= Chung Shui-ming =

Hong Kong businessman and politician

Dr. Timpson Chung Shui-ming GBS, JP (鍾瑞明, born 23 November 1952) is a Hong Kong businessman and politician.

==Background and education==

Timpson Chung Shui-ming is of Hakka ancestry. He studied at the University of Hong Kong and graduated with a Bachelor of Science degree.
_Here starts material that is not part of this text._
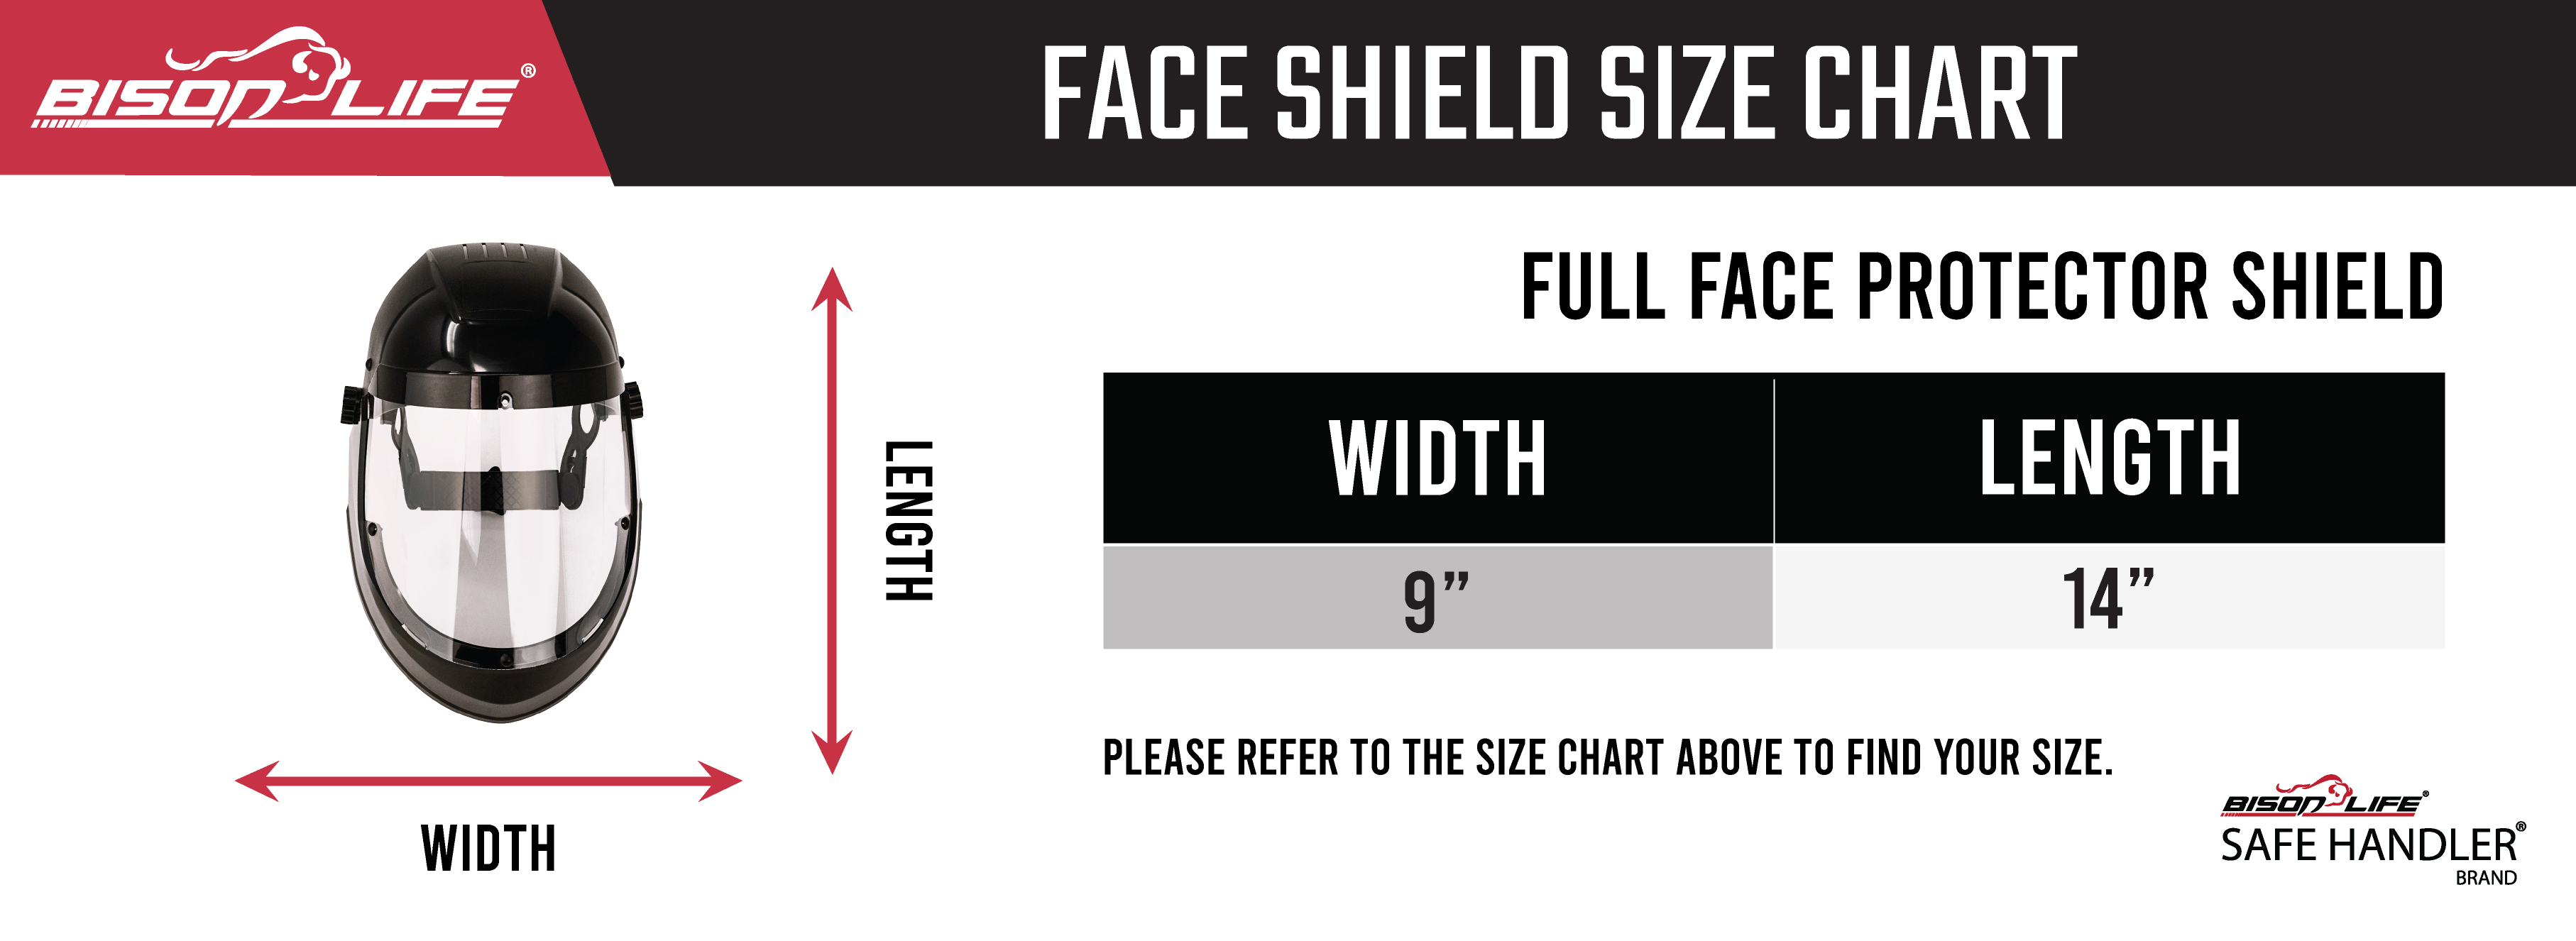 Safe Handler Full Face Protector Shield Size Chart

He later obtained a master's degree in Business Administration from the Chinese University of Hong Kong and received an honorary doctoral degree in Social Science from the City University of Hong Kong in 2010.

He currently holds the position of the independent non-executive director of the China Construction Bank Corporation, China Everbright Limited, China Unicom (Hong Kong) Limited, Glorious Sun Enterprises, Henderson Land Development and Miramar Hotel and Investment.

He has also held numerous public office positions including chairman of the Hong Kong Housing Society and the Advisory Committee on Art Developments, chairman of the Council of the City University of Hong Kong, vice-chairman of the Land Fund Advisory Committee, member of the Managing Board of the Kowloon-Canton Railway Corporation, a member of the Hong Kong Housing Authority, and a member of the Disaster Relief Fund Advisory Committee.

He was also member of the first Executive Council of Hong Kong since the transfer of sovereignty over Hong Kong on 1 July 1997, appointed by the then Chief Executive Tung Chee-hwa. He was the member of the Election Committee between 2000 and 2006 and again from 2011, which was responsible for electing the Chief Executive. Besides he is also member of the National Committee of the 11th Chinese People's Political Consultative Conference.

He was a director-general of the Democratic Alliance for the Betterment and Progress of Hong Kong, the largest pro-Beijing party in the SAR.

Dr. Chung is a fellow member of the Hong Kong Institute of Certified Public Accountants.

In 2000, Dr. Chung received the Gold Bauhinia Star for his public services in Hong Kong.